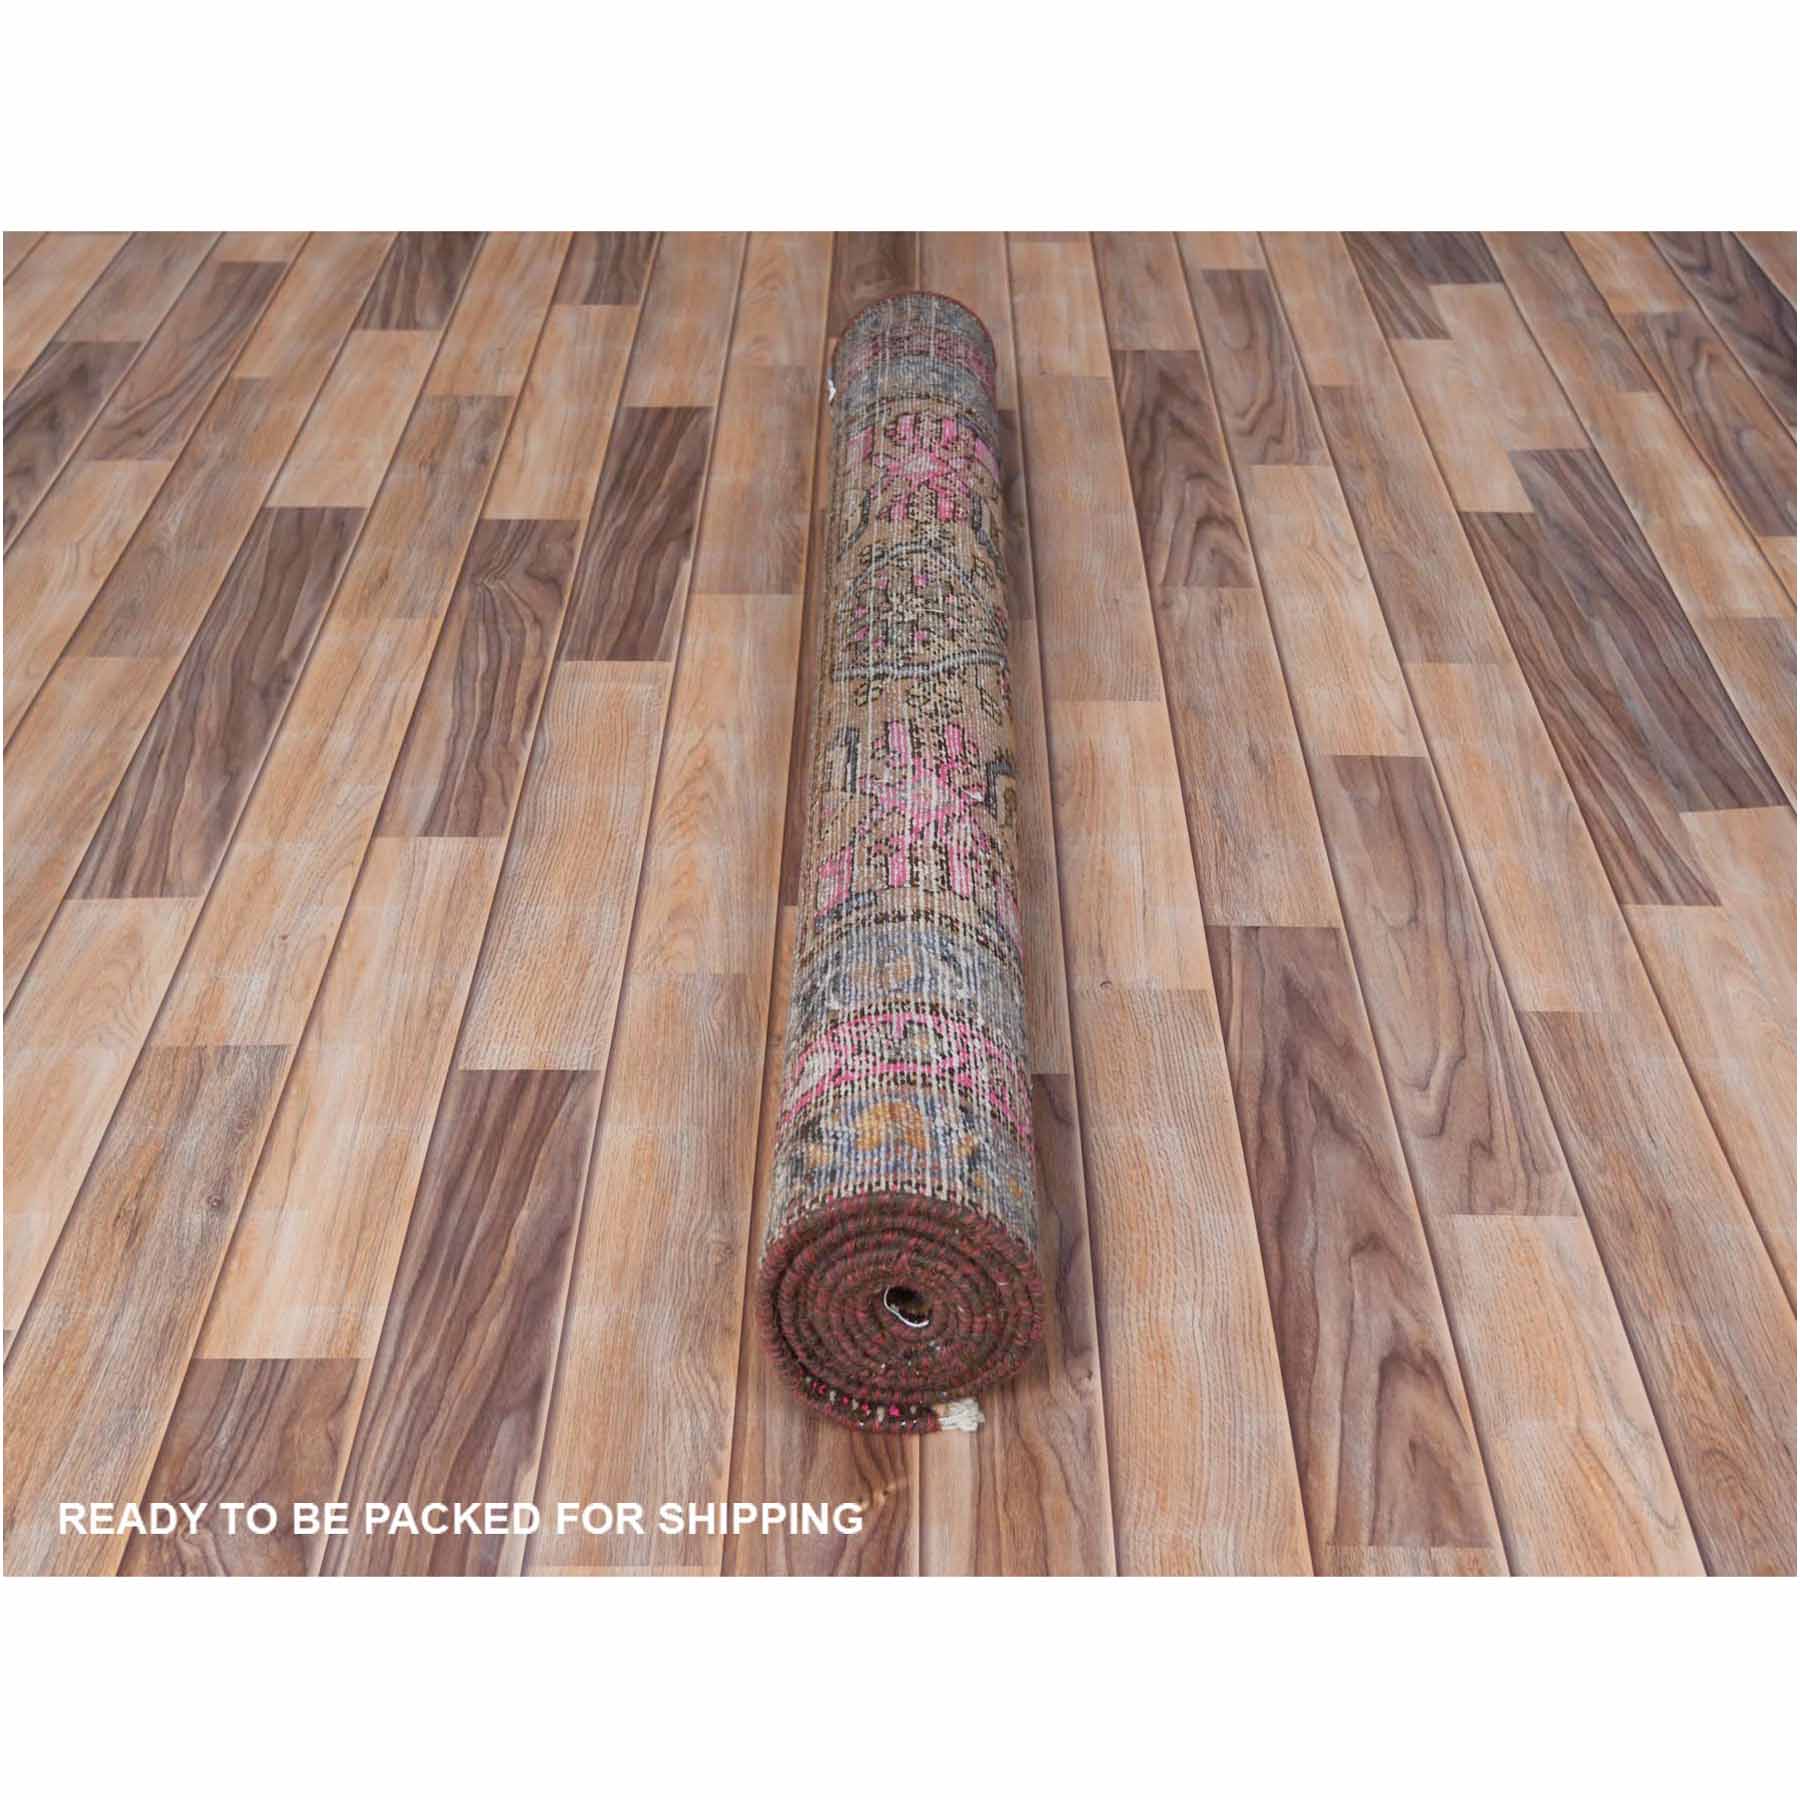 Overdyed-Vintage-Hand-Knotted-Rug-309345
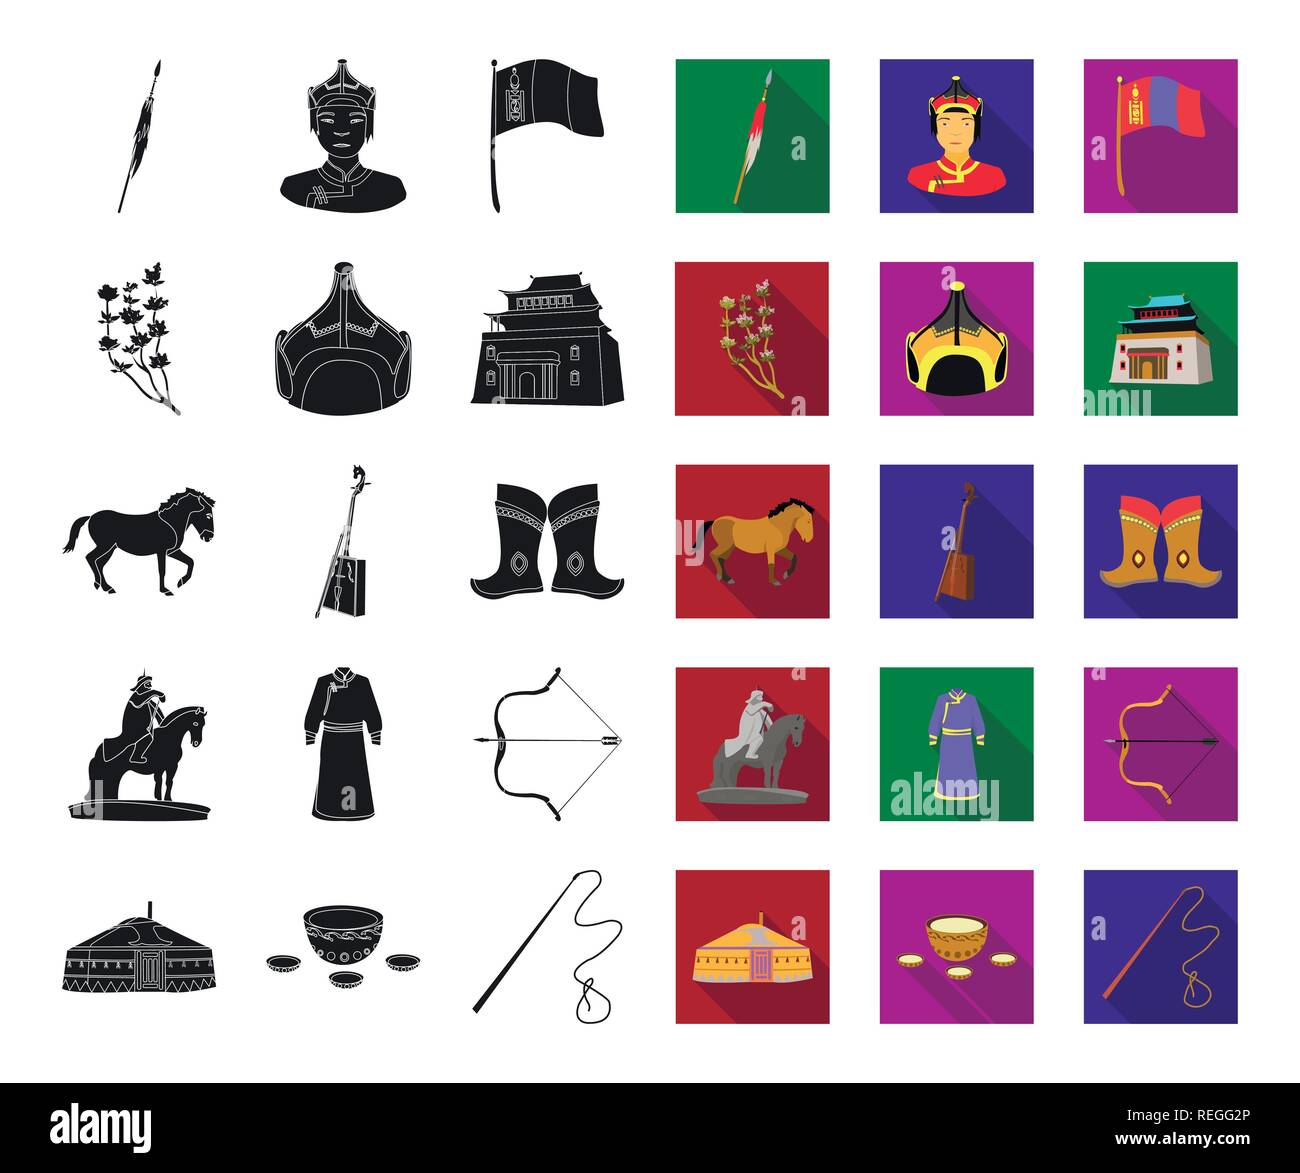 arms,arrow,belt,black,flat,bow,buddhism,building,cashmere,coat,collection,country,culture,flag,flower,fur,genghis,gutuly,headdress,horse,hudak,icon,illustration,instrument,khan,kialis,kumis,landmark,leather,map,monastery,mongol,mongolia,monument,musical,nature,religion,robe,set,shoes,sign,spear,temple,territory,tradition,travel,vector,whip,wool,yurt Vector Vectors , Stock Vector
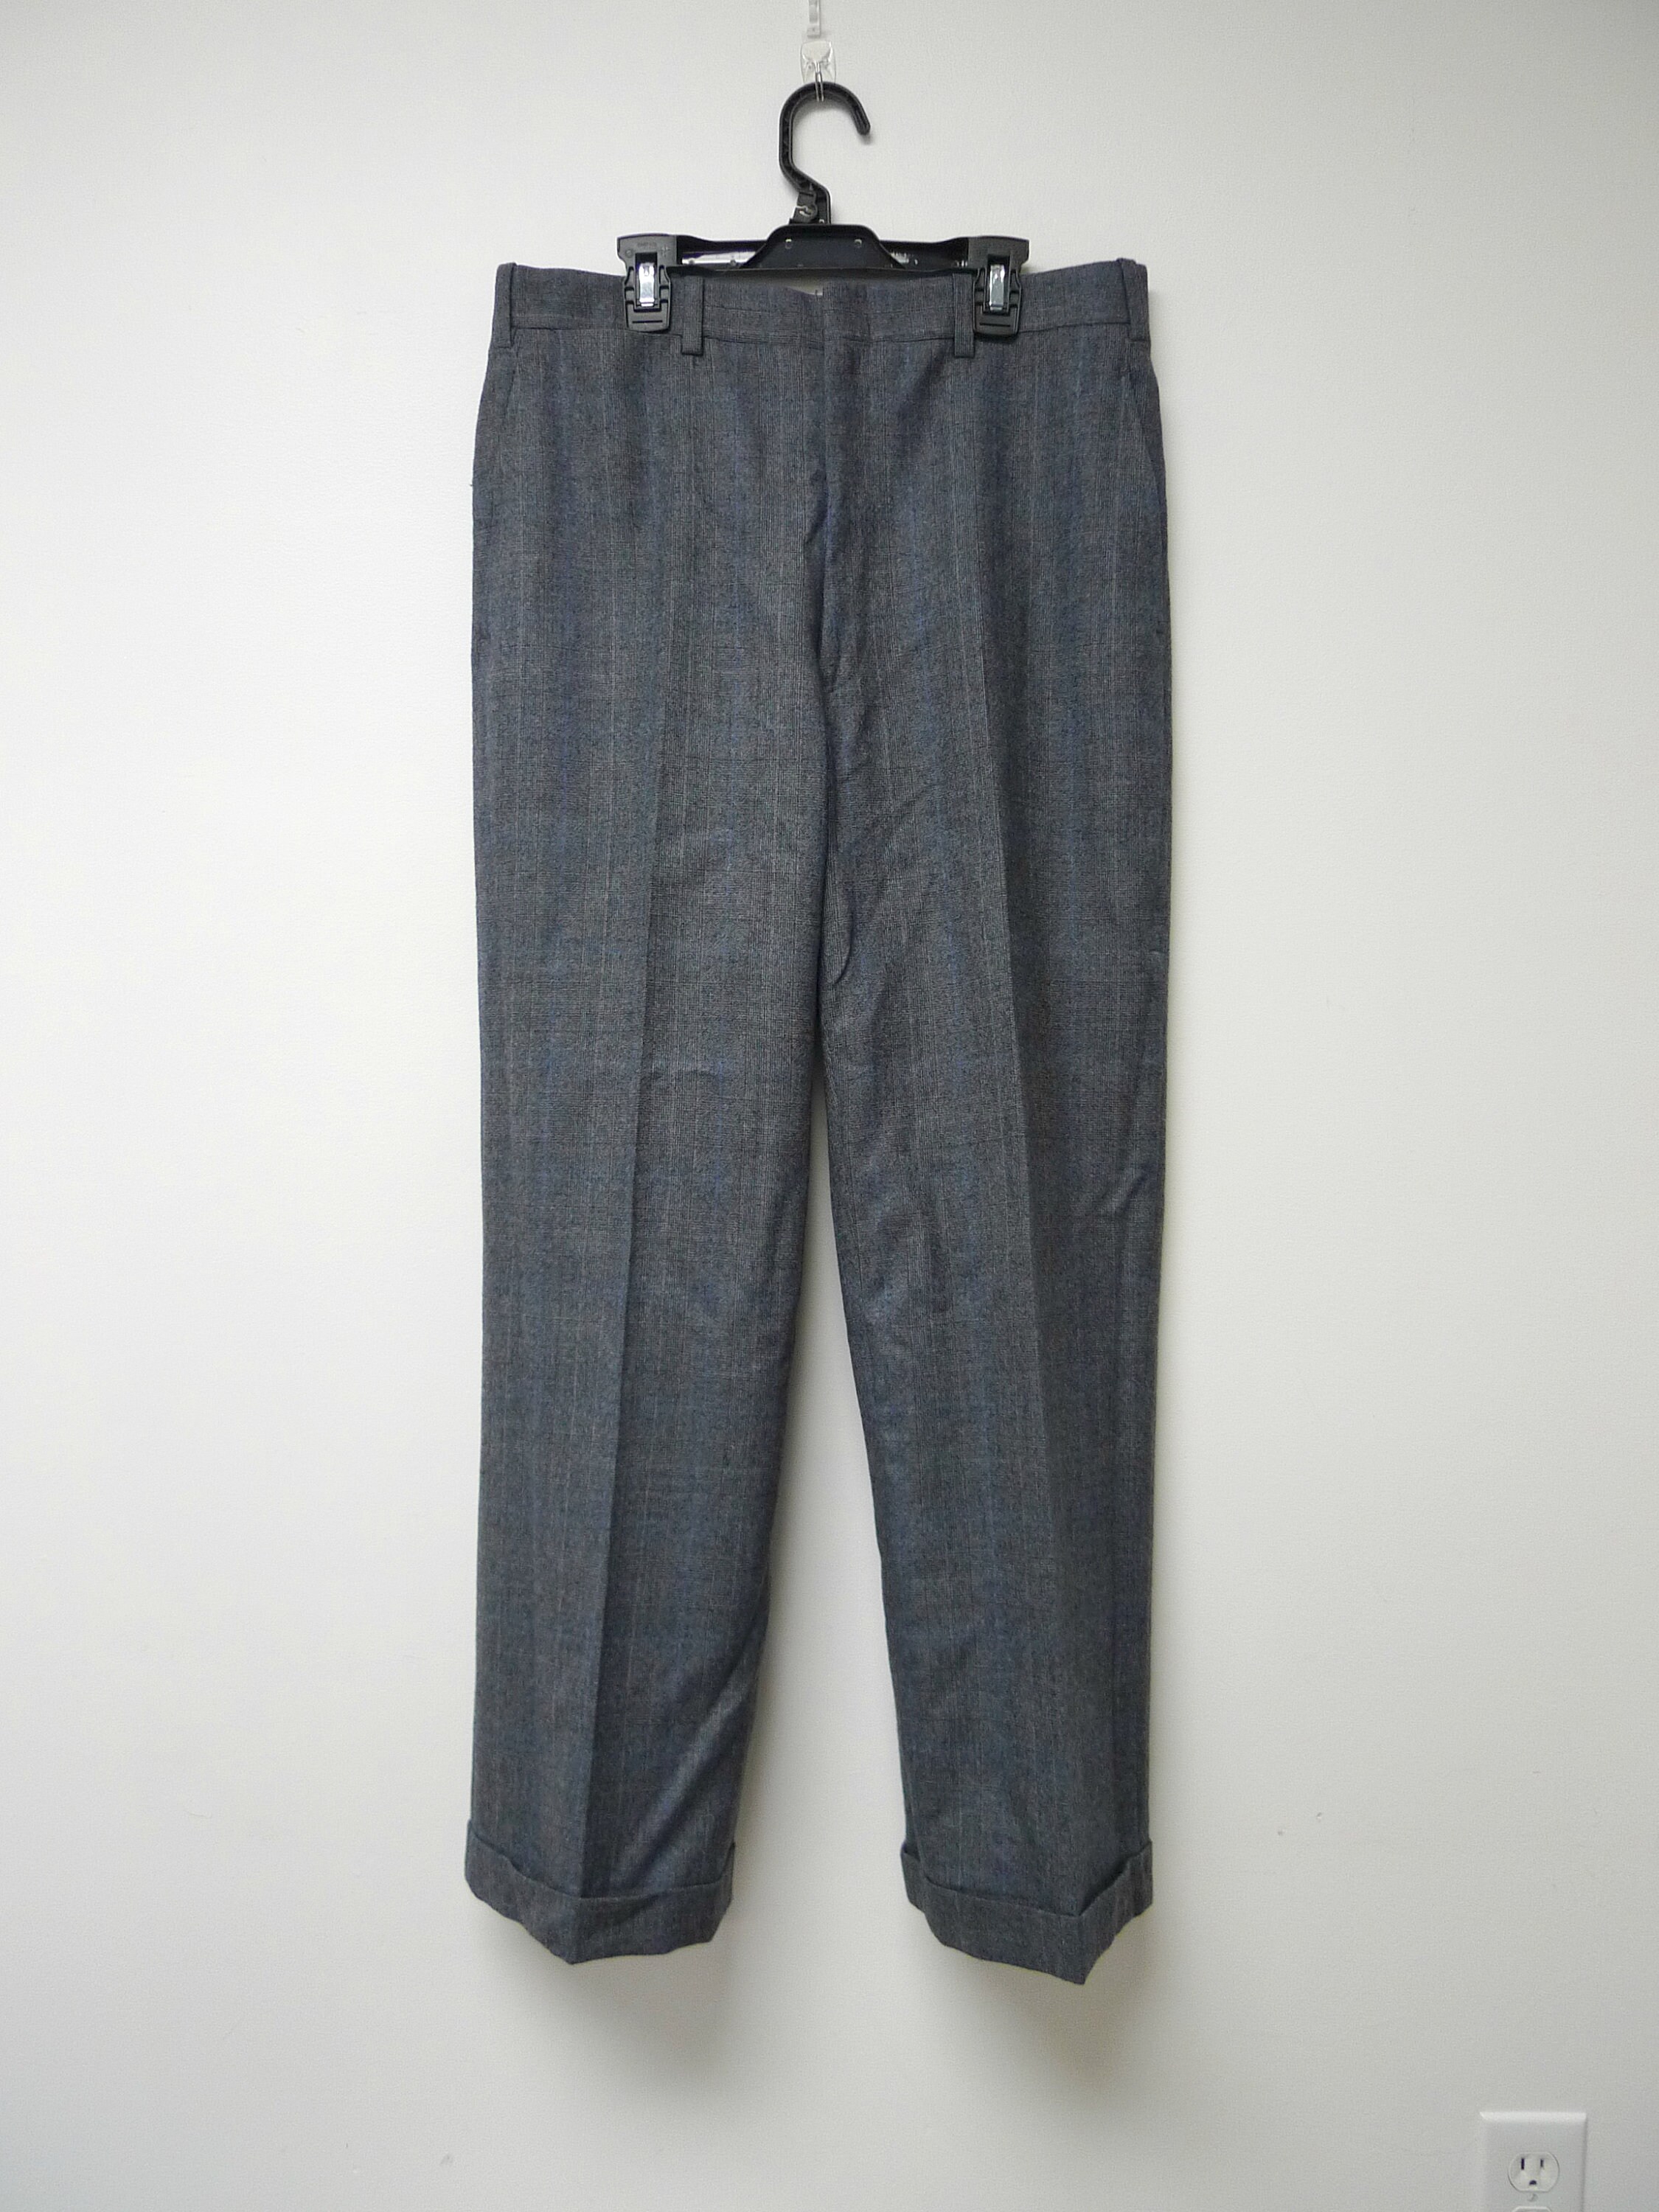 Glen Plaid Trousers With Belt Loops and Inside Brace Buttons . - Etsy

- - -

= Required action =
Set down the data above verbatim, omitting every image.

= Solved problem =
 Overdyed-Vintage-Hand-Knotted-Rug-309345
 arms,arrow,belt,black,flat,bow,buddhism,building,cashmere,coat,collection,country,culture,flag,flower,fur,genghis,gutuly,headdress,horse,hudak,icon,illustration,instrument,khan,kialis,kumis,landmark,leather,map,monastery,mongol,mongolia,monument,musical,nature,religion,robe,set,shoes,sign,spear,temple,territory,tradition,travel,vector,whip,wool,yurt Vector Vectors , Stock Vector
 Glen Plaid Trousers With Belt Loops and Inside Brace Buttons . - Etsy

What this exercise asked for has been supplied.